Option 2: External SQL File

actions:
  - name: customer_enrichment
    type: transform
    transform_type: sql
    source: v_customer_bronze
    target: v_customer_enriched
    sql_path: "sql/customer_enrichment.sql"
    description: "Enrich customer data with additional attributes"

Anatomy of an SQL transform action

name: Unique name for this action within the FlowGroup
type: Action type - transforms data from one view to another
transform_type: Specifies this is an SQL-based transformation
source: Name of the input view to transform
target: Name of the output view to create
sql: SQL statement that defines the transformation logic (inline option)
sql_path: Path to external .sql file (external file option)
description: Optional documentation for the action

See also

For SQL syntax see the Databricks SQL documentation.
Stream syntax: Use stream(view_name) for streaming transformations

Important

SQL transforms can use stream() function for streaming data or direct view references for batch processing. Column aliasing and data type transformations are common patterns in bronze layer cleansing.

Note

File Substitution Support

Substitution variables work in both inline SQL and external SQL files (sql_path). The same ${token} and ${secret:scope/key} syntax from YAML works in .sql files. Files are processed for substitutions before query execution.

Warning

When writing SQL statements, if your source or target is a streaming table you must use the stream() function. For example: `` FROM stream(v_customer_raw) ``

Note

File Organization: When using sql_path, the path is relative to your YAML file location. Common practice is to create a sql/ folder alongside your pipeline YAML files.
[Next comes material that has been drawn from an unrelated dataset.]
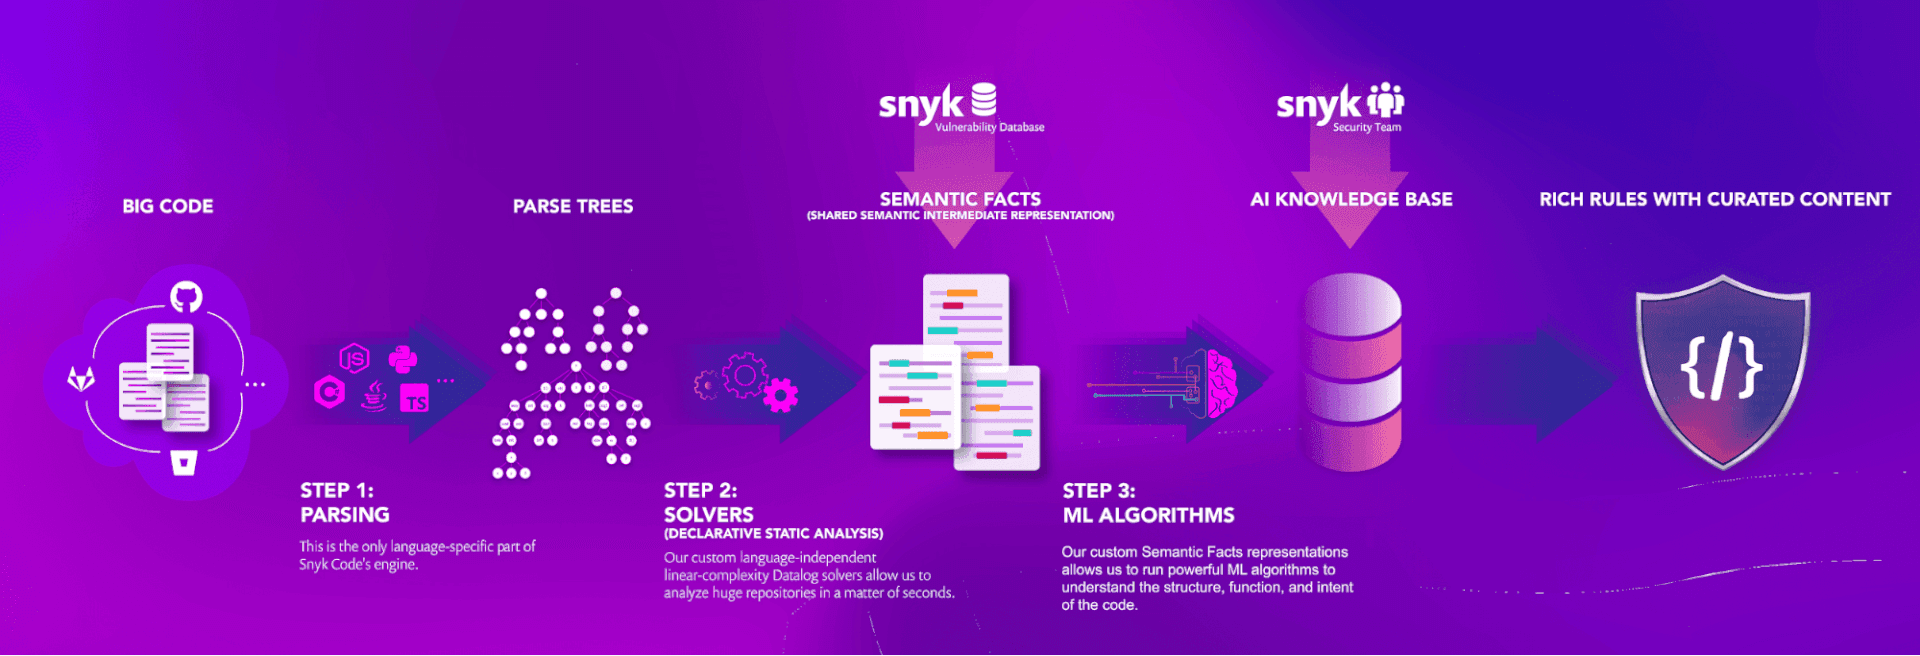 wordpress-sync/blog-snyk-code-tech-workflow
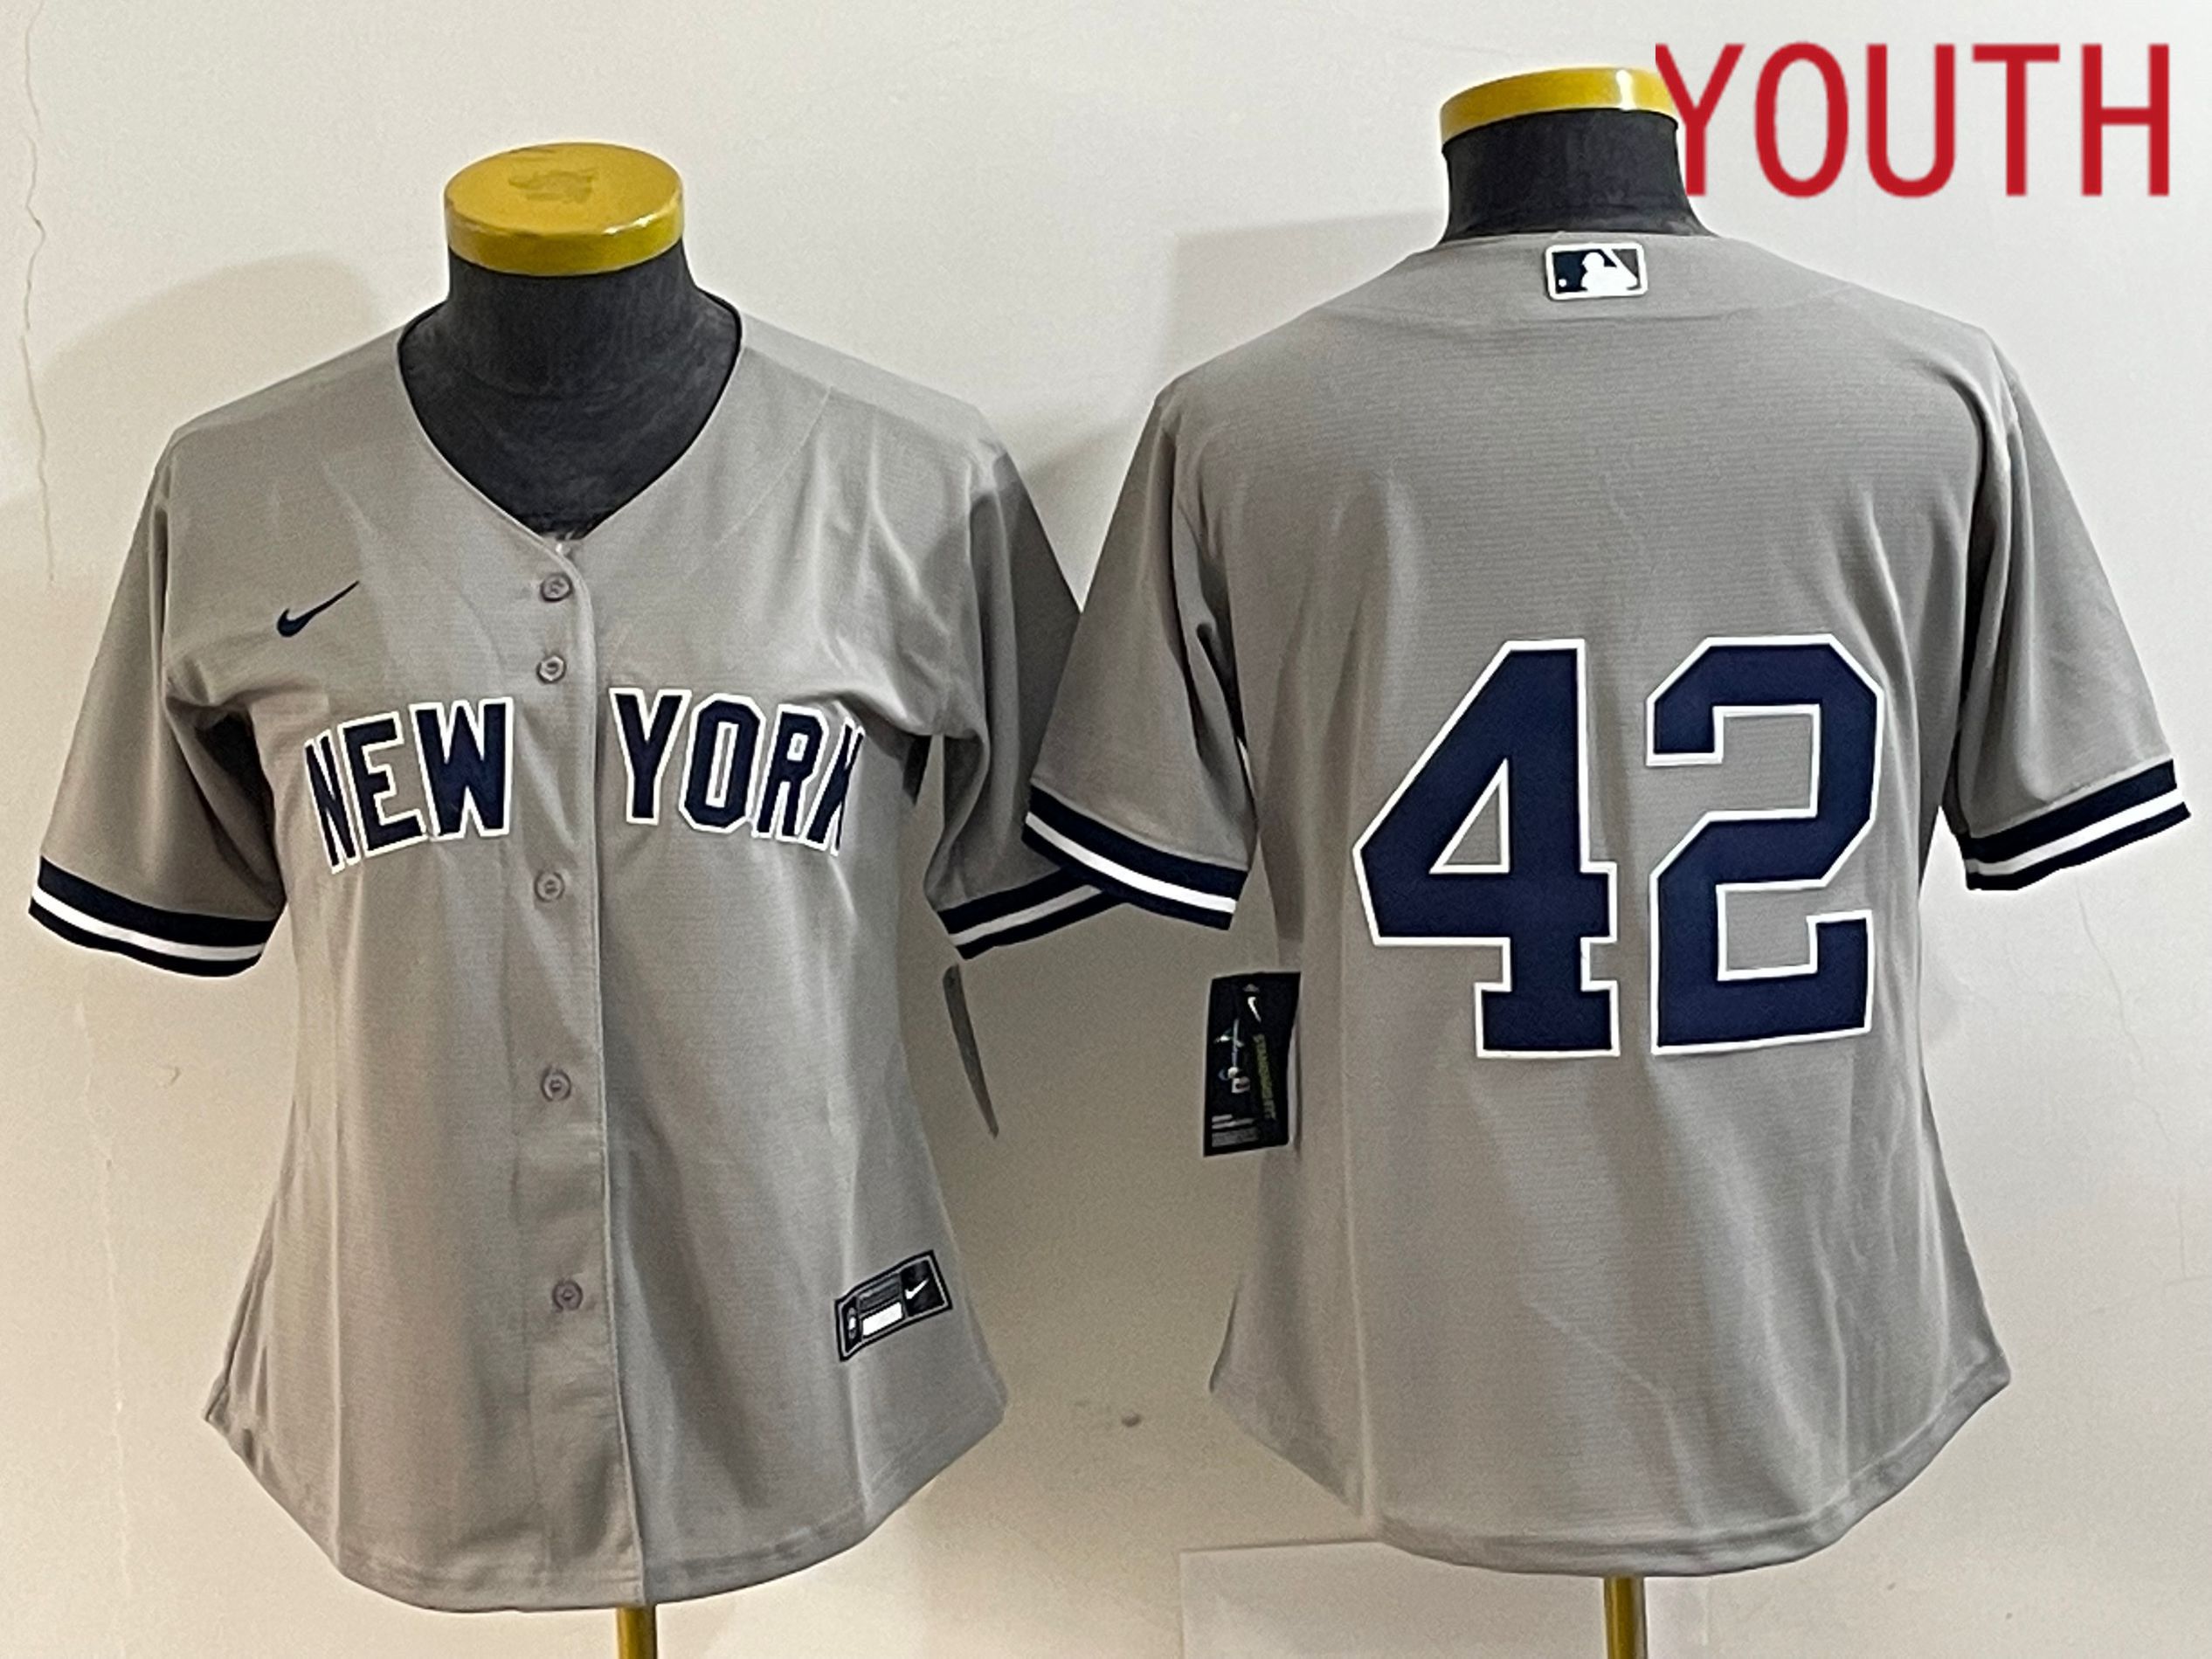 Youth New York Yankees 42 No Name Nike Game MLB Jersey

The above YAML examples translate to the following PySpark code

For inline SQL:

from pyspark import pipelines as dp

@dp.temporary_view(comment="Cleanse and standardize customer data for bronze layer")
def v_customer_bronze_cleaned():
    """Cleanse and standardize customer data for bronze layer"""
    return spark.sql("""
        SELECT
          c_custkey as customer_id,
          c_name as name,
          c_address as address,
          c_nationkey as nation_id,
          c_phone as phone,
          c_acctbal as account_balance,
          c_mktsegment as market_segment,
          c_comment as comment,
          _source_file_path,
          _source_file_size,
          _source_file_modification_time,
          _record_hash,
          _processing_timestamp
        FROM stream(v_customer_raw)
    """)

For external SQL file:

from pyspark import pipelines as dp

@dp.temporary_view(comment="Enrich customer data with additional attributes")
def v_customer_enriched():
    """Enrich customer data with additional attributes"""
    return spark.sql("""
        -- Content from sql/customer_enrichment.sql file
        SELECT
          c.*,
          n.name as nation_name,
          r.name as region_name,
          CASE
            WHEN account_balance > 5000 THEN 'High Value'
            WHEN account_balance > 1000 THEN 'Medium Value'
            ELSE 'Standard'
          END as customer_tier
        FROM ${catalog}.${bronze_schema}.customer c
        LEFT JOIN ${catalog}.${bronze_schema}.nation n ON c.nation_id = n.nation_id
        LEFT JOIN ${catalog}.${bronze_schema}.region r ON n.region_id = r.region_id
    """)

python¶

Python transform actions call custom Python functions to apply complex transformation logic that goes beyond SQL capabilities.

Tip

The framework automatically copies your Python functions into the generated pipeline and handles import management.

actions:
  - name: customer_advanced_enrichment
    type: transform
    transform_type: python
    source: v_customer_bronze
    module_path: "transformations/customer_transforms.py"
    function_name: "enrich_customer_data"
    parameters:
      api_endpoint: "https://api.example.com/geocoding"
      api_key: "${secret:apis/geocoding_key}"
      batch_size: 1000
    target: v_customer_enriched
    readMode: batch
    operational_metadata: ["_processing_timestamp"]
    description: "Apply advanced customer enrichment using external APIs"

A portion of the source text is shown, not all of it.